Climate Change Escalated Deadly Storms in Africa in Early 2022

Climate Change Escalated Deadly Storms in Africa in Early 2022

Tropical Storm Ana dumped rainfall, intensified by climate change, across Malawi, Mozambique and Madagascar in late January. Here, people stand on a vehicle overturned by floodwaters in Chikwawa, Malawi, on January 25. Credit: Bloomberg.

Climate change intensified the rainfalls that battered southeastern Africa. Subsequently two powerful storms killed hundreds of individuals in early 2022.

Heavy rains brought about hundreds of fatalities and extensive damage

A lack of regional data made it tough to determine just how large of a role climate change played, researchers said on April 11 at a news conference.

So the findings were detailed in a research, published online on April 11 by a consortium of climate researchers and disaster experts called the World Weather Attribution network.

A collection of tropical storms and heavy rain events, damaged southeast Africa in fast succession from January through March. For this research, the scientists concentrated on two occasions.

First, the Tropical Storm Ana, which resulted in flooding in northern Madagascar, Malawi, and Mozambique in January. And also killed approximately 70 individuals. Later, the Cyclone Batsirai, which flooded southern Madagascar in February and caused hundreds more deaths.
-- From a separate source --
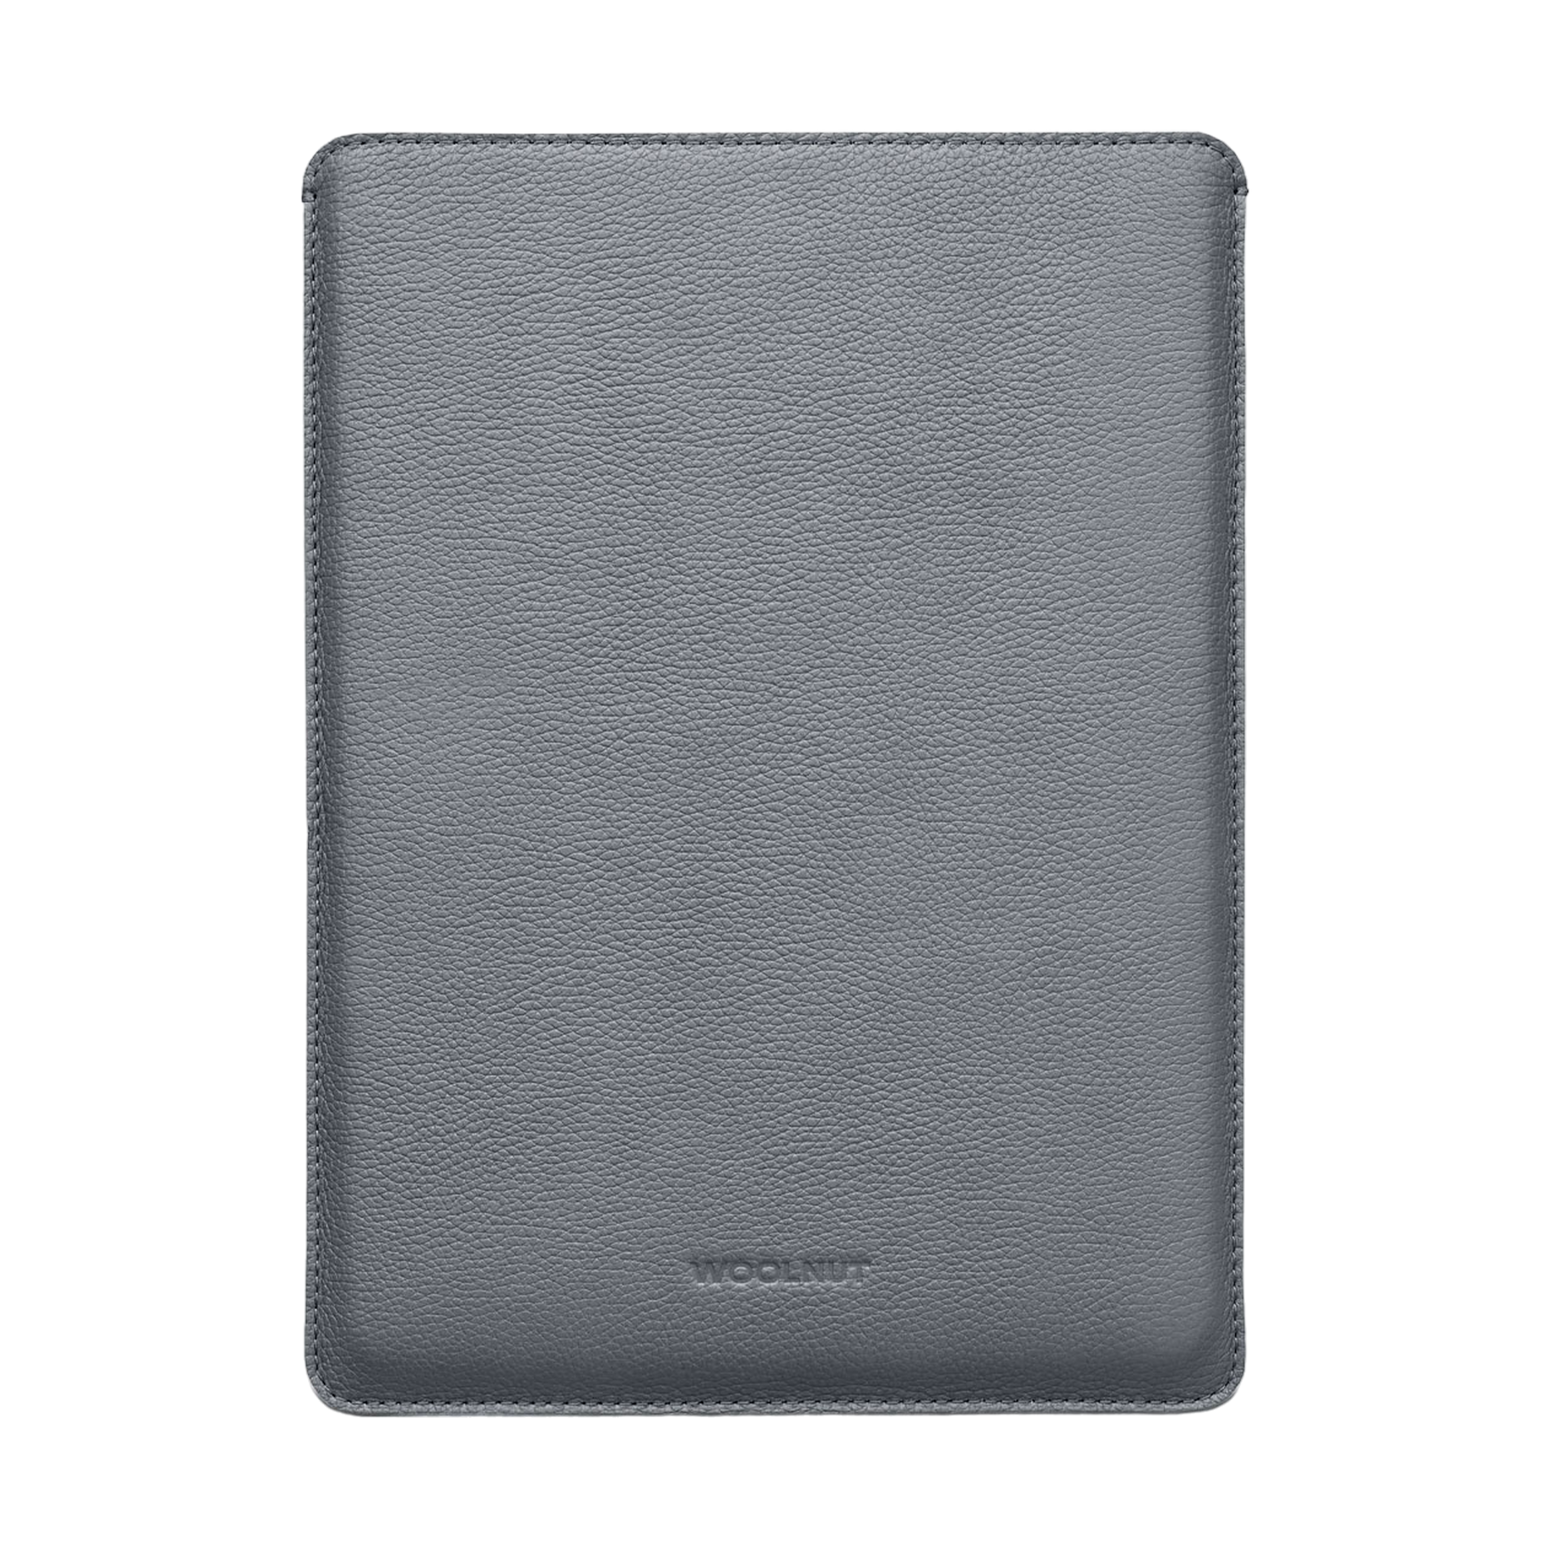 WOOLNUT Leather Sleeve for 14-inch MacBook Pro - Grey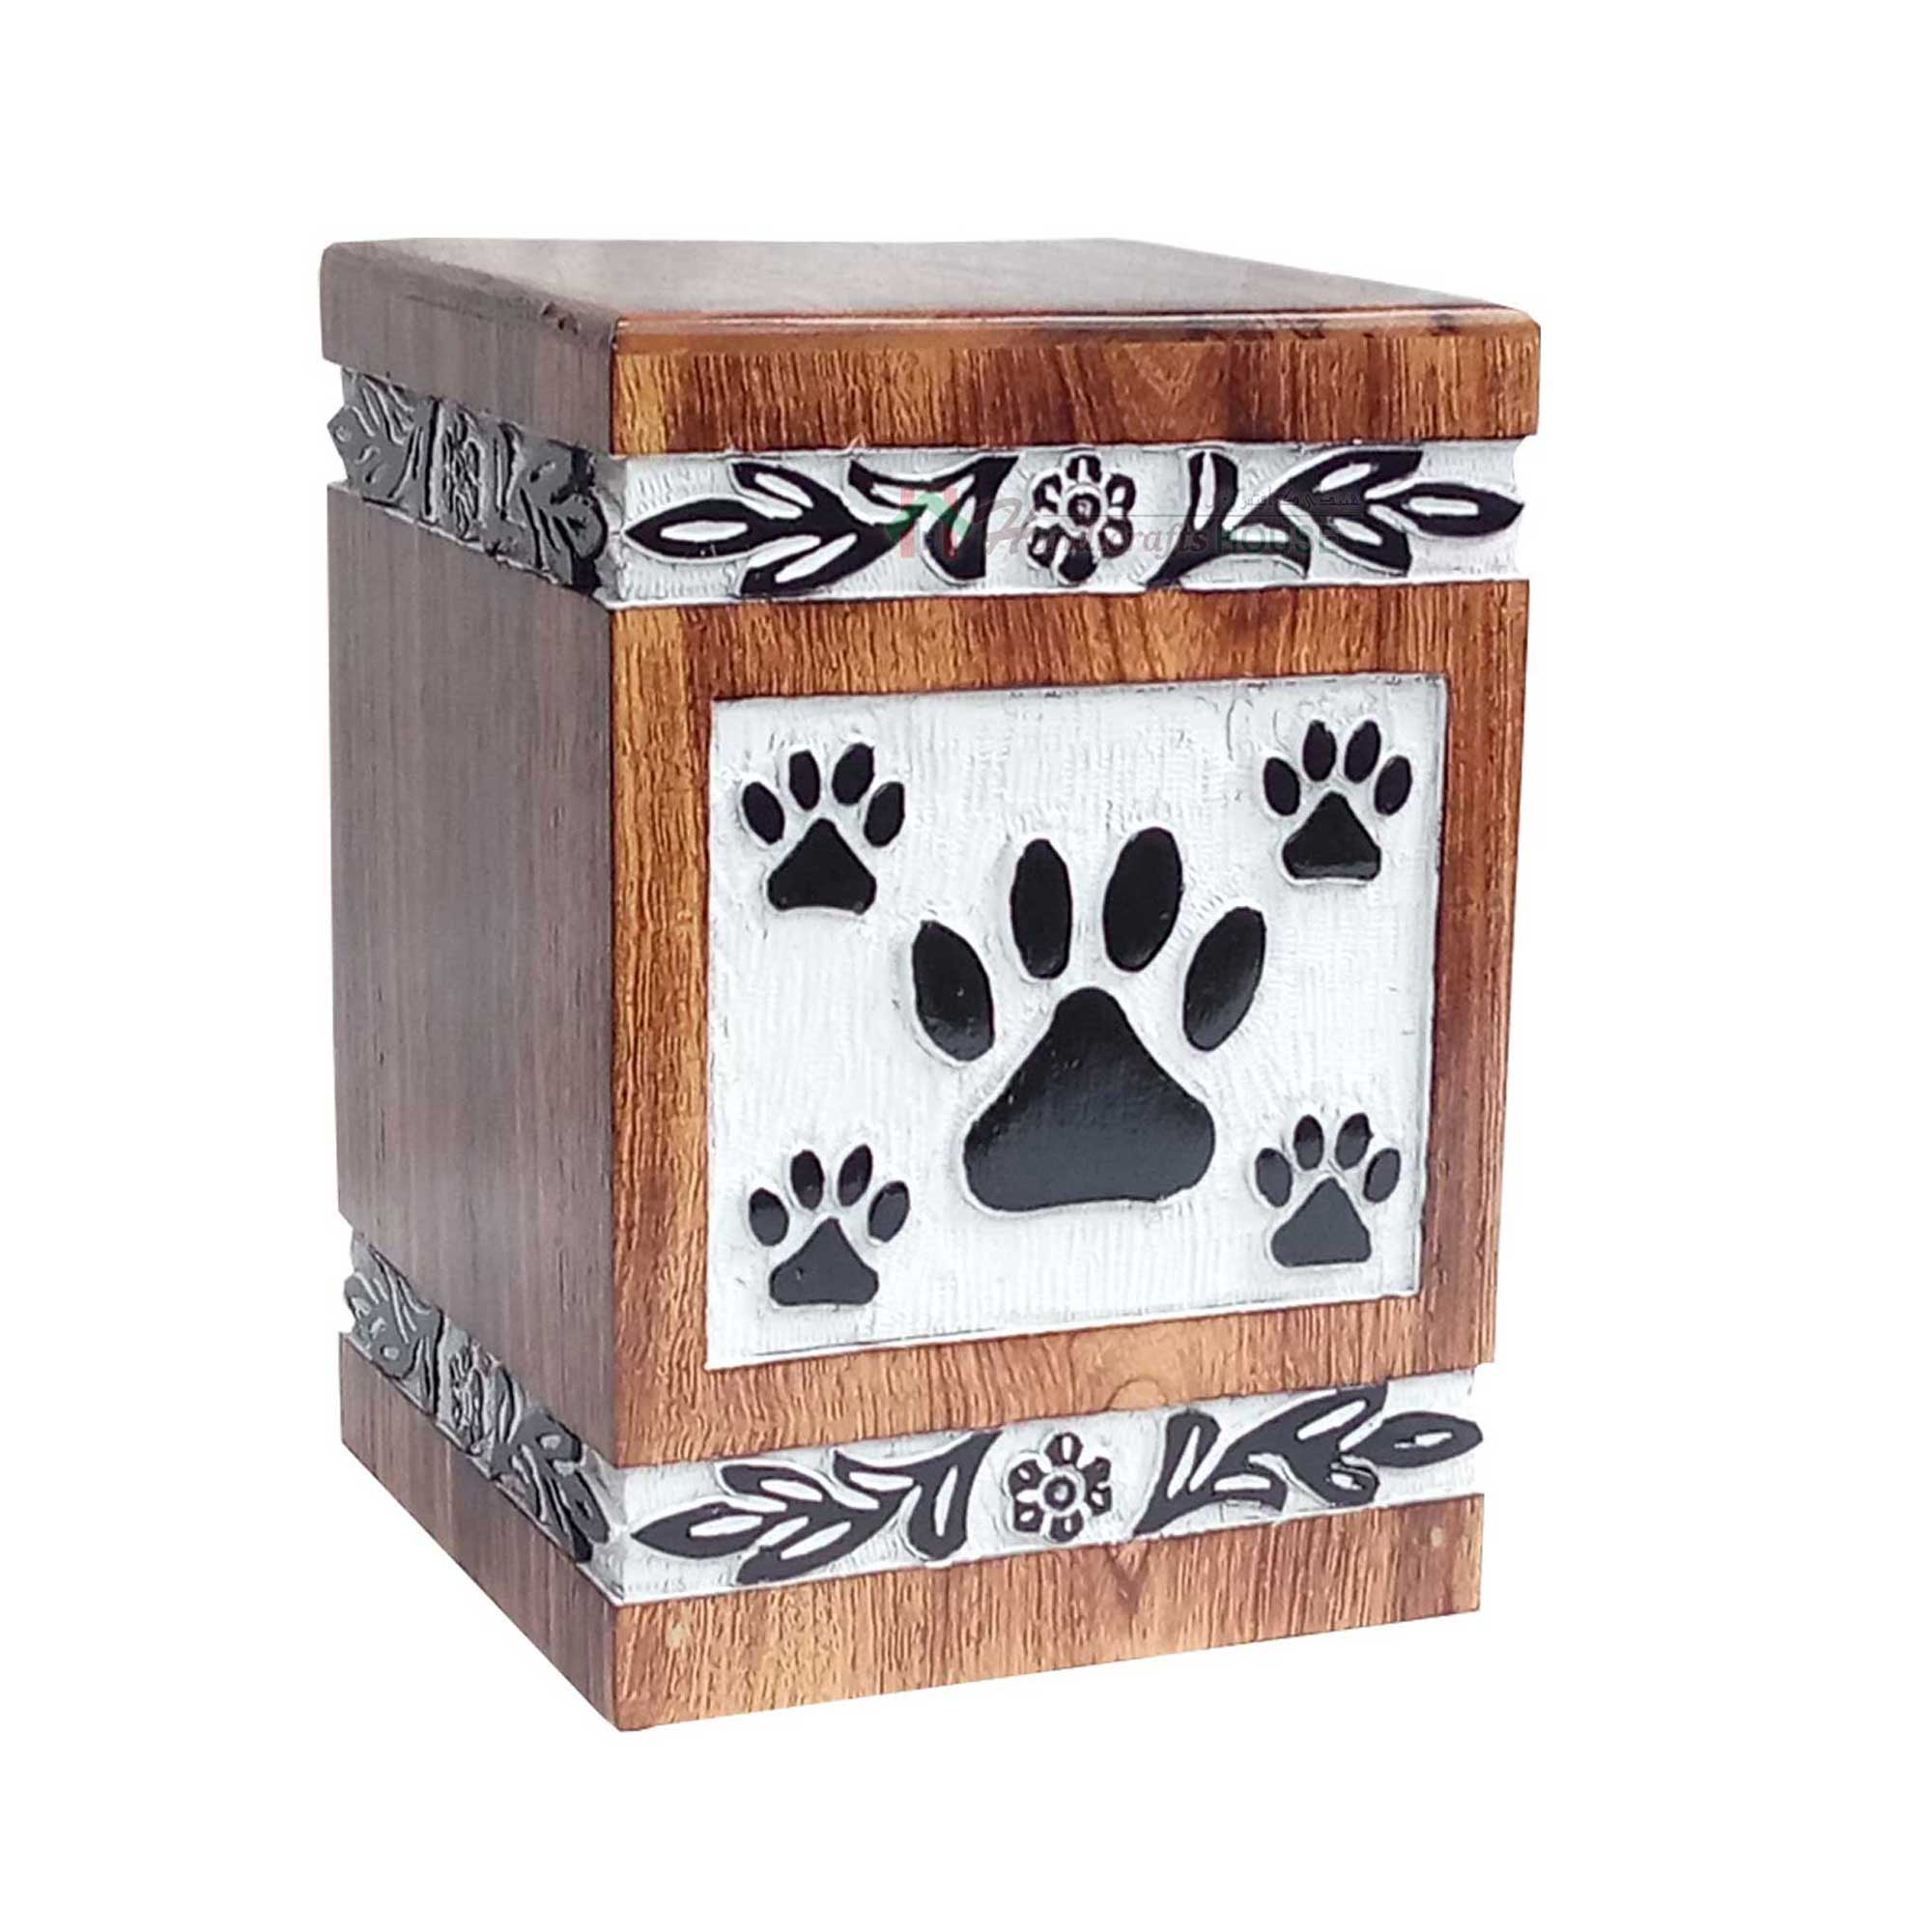 Wooden Box For Pet Ashes, Memorials Keepsake Wood Urns, Funeral Cats Urns, Burial Boxes

The fingerprints of climate change

In order to search for the fingerprints of climate change. The group initially chose three days of heavy rain for each storm. So the researchers attempted to collect observational data from the region to reconstruct historical daily rainfall records from 1981 to 2022.

In Mozambique, just four weather stations had consistent, high-quality data covering those decades. Utilizing the data on hand, the group constructed simulations for the region that represented climate with and without human-generated greenhouse gas emissions.

The aggregate of those simulations showed that climate change did contribute to escalating the rains. Izidine Pinto, a climatologist at the University of Cape Town in South Africa, said at the news event. However, with insufficient historical rainfall data, Pinto claimed that the team “could not quantify the specific contribution” of climate change.

The research study highlights exactly how information on extreme weather events “is very much biased towards the Global North … [whereas] there are big voids in the Global South,” stated climate scientist Friedericke Otto of Imperial College London.


Read the original article on Science News.